Prostate Cancer – to screen or not to screen

April 15, 2018, Dr Chee L Khoo

Last fortnight we review the PI-RADS score in relation to prostate MRI and i thought we might go through a real case study and how it relates to general practice. Otherwise well 42 year old gentleman with no family history of prostate cancer or any other hormone related cancers presented for general check-up in 2011  in addition to the usual coughs and colds. We discuss prostate cancer screening many years ago and we have been checking his PSA every 12-18 months since. He has no prostatic symptoms. These have been his PSA readings over the years.

Year 2011 2012 2014 2015
PSA 1.1 1.5-2.0 2.7 3.9
Reference range <3.0 mcg/L <3.0mcg/L <3.5 mcg/L <3.5 mcg/L


As there was a rising trend, we decided to monitor a little closer. He wasn’t always on time with his consultation.

Year March 2016 Sept 2016 May 2017 Dec 2017
PSA 3.6 4.4 4.2 5.1
Reference range <3.5 mcg/L <3.5mcg/L <3.5 mcg/L <3.5 mcg/L


It was about the time when the PROMIS study results were published. This provided guidelines for investigations and management. He was referred to Spectrum Radiology for a Prostate MRI in January 2018. This was report from Spectrum:

The peripheral zone demonstrates diffuse heterogeneous mildly low T2 signal intensity with associated mildly restricted diffusion and mild non-focal enhancement. The appearance is likely related to inflammation.

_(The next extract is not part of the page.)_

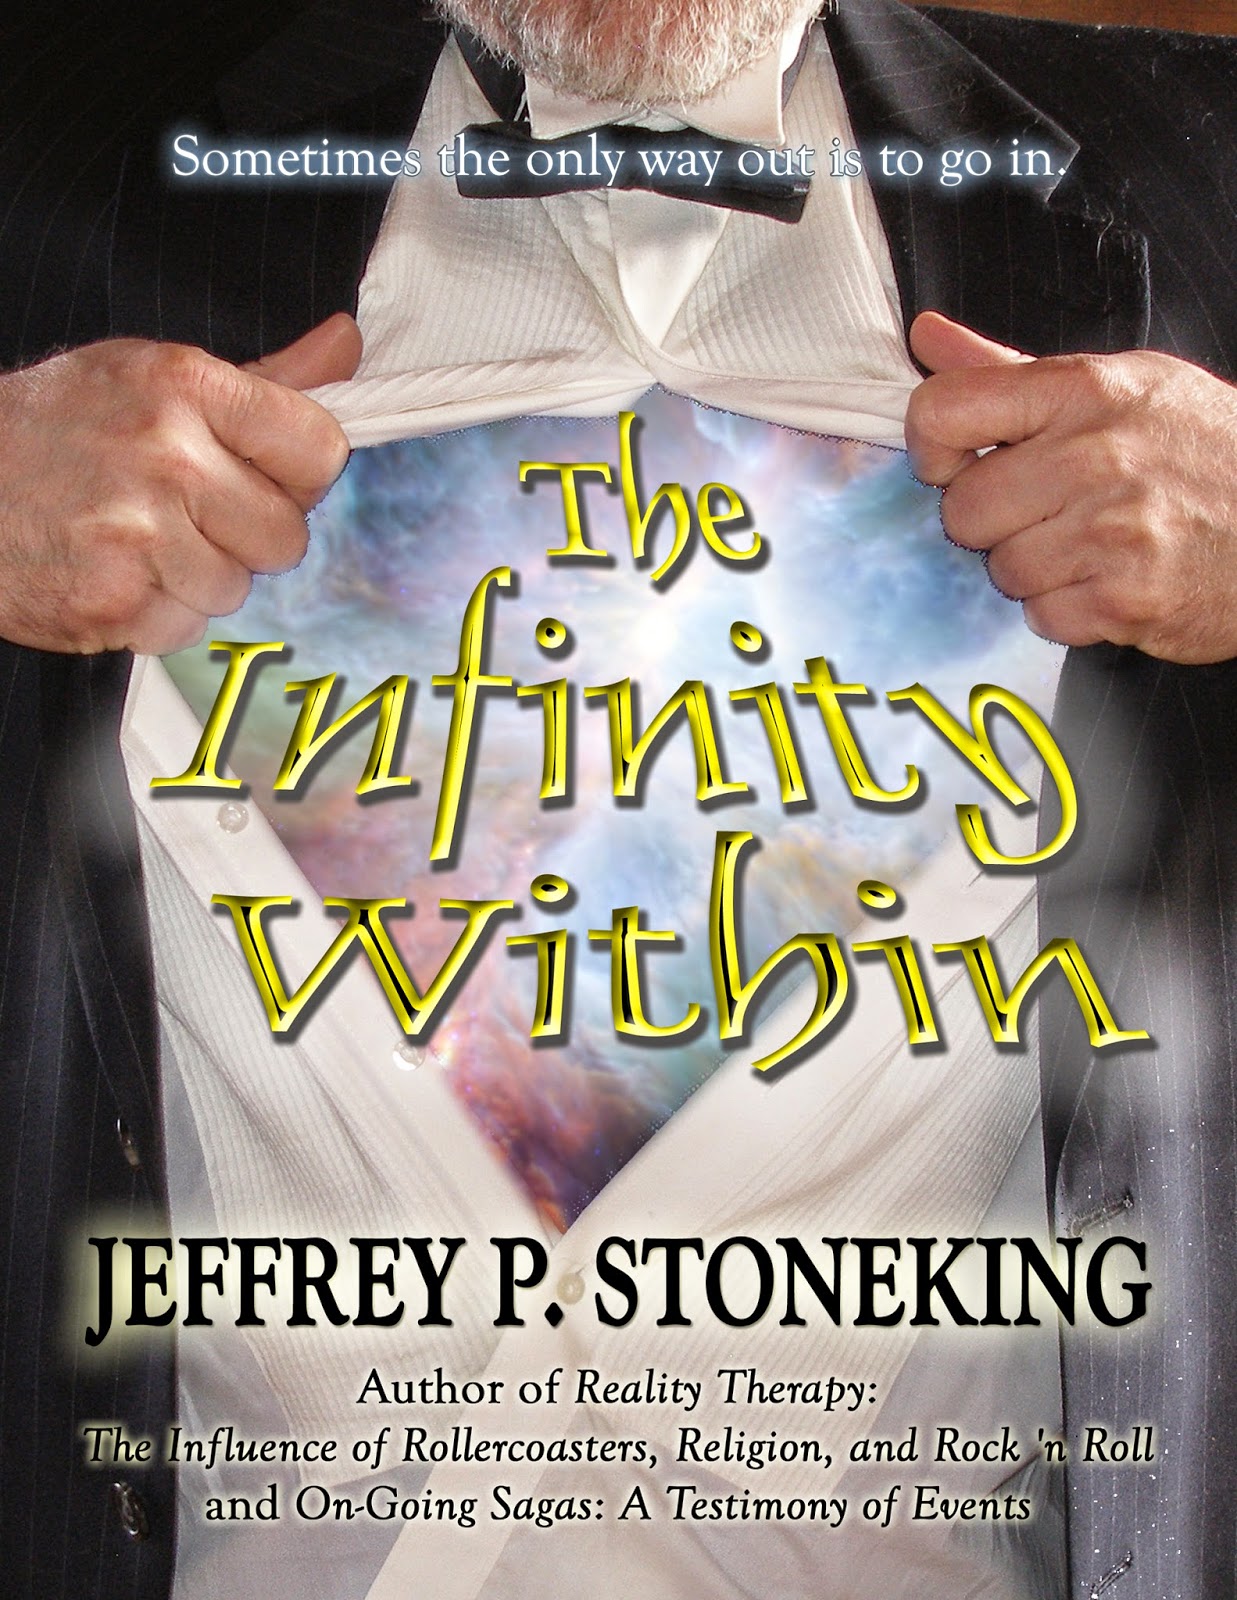 http://www.amazon.com/The-Infinity-Within-Jeffrey-Stoneking-ebook/dp/B00JFHST3E/ref=sr_1_1?ie=UTF8&qid=1396900941&sr=8-1&keywords=stoneking+kindle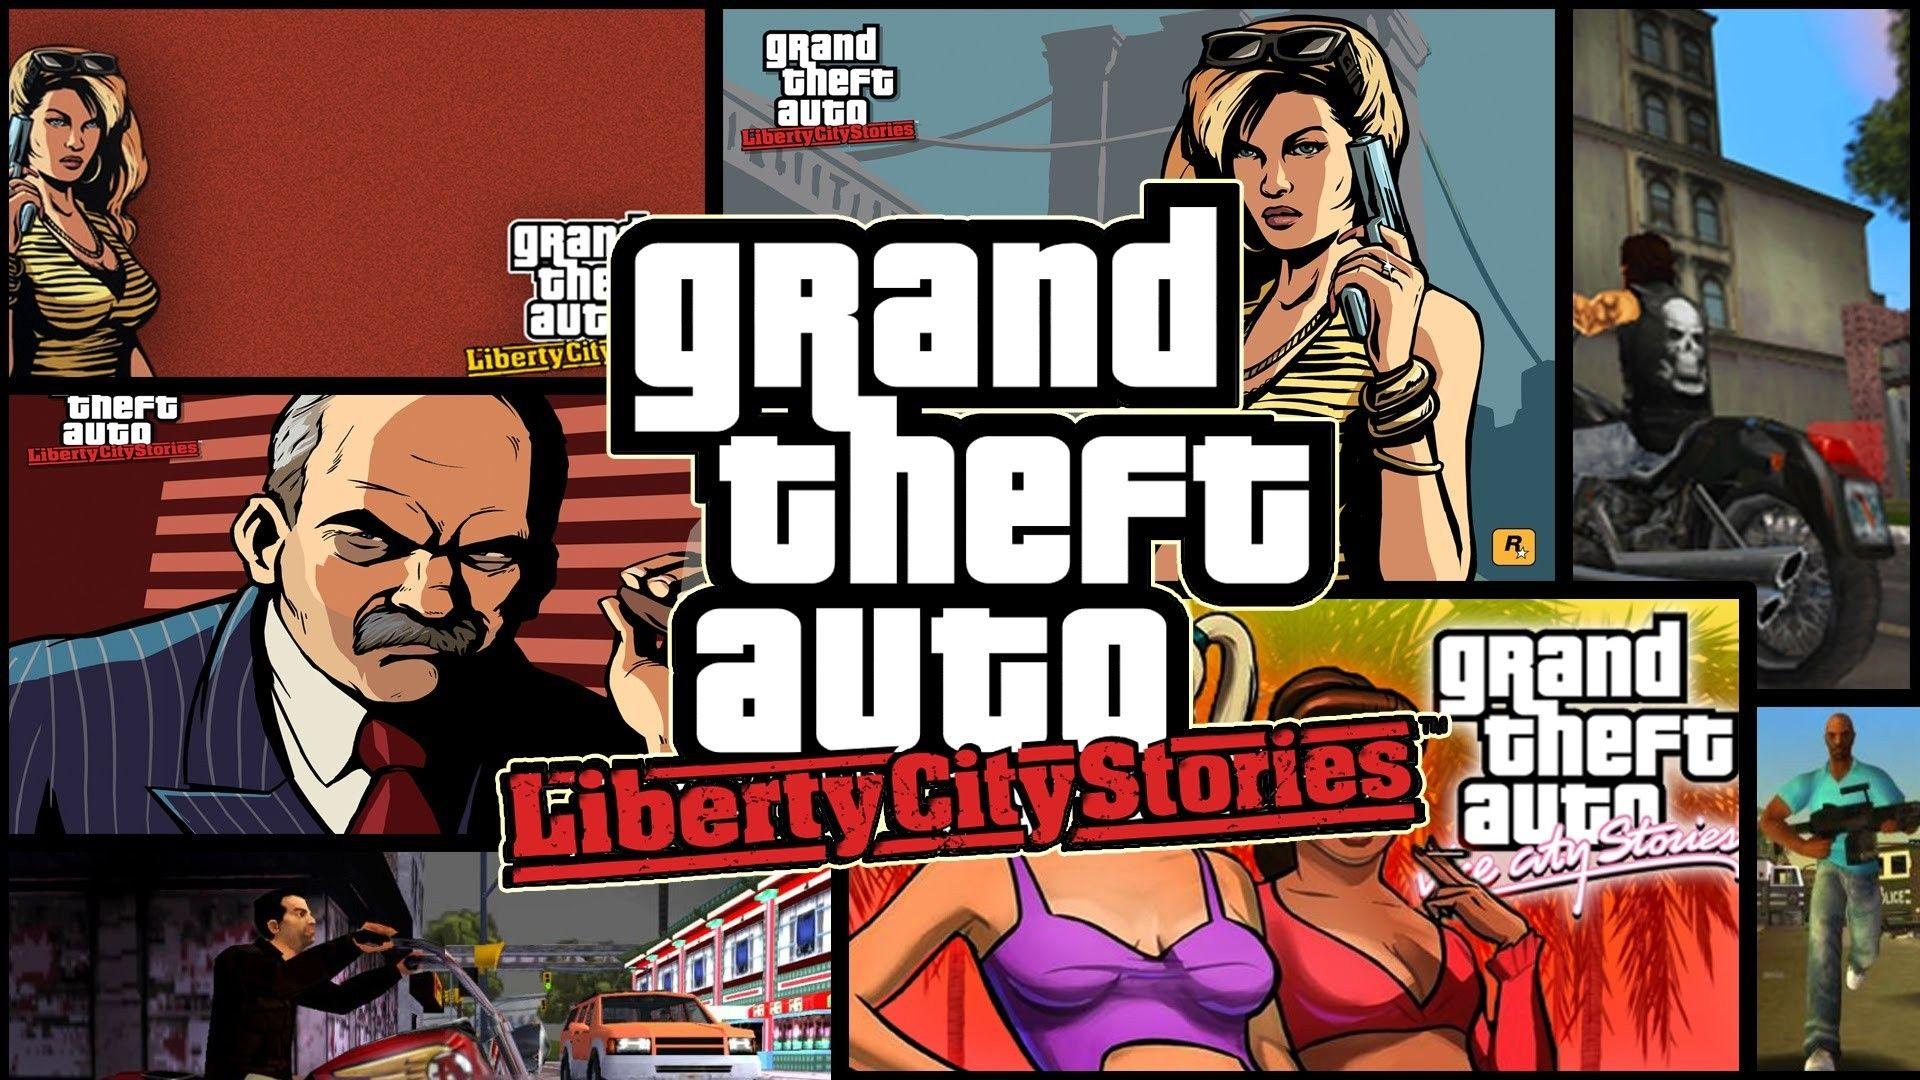 Grand Theft Auto - Liberty City Stories (USA) Sony PlayStation 2

Detail is obscured which makes assessment difficult. A small focus of moderately restricted diffusion in the left posterior peripheral zone at the apical
level without corresponding circumscribed signal abnormality or differential enhancement is indeterminate.
The appearance is consistent with PI-RADS 3: The presence of clinically significant disease is equivocal. If clinically warranted, a followup MRI in 6-12 months may be of value to exclude any underlying foci of prostate carcinoma. Urology review should be considered.

He was duly referred to a local urologist and underwent a trans-perineal biopsy which revealed multiple areas of prostate in situ neoplasia (PIN) and three biopsies positive for prostate adenocarcinoma. The lesion on MRI was target.

He is now pondering treatment options including watchful wait.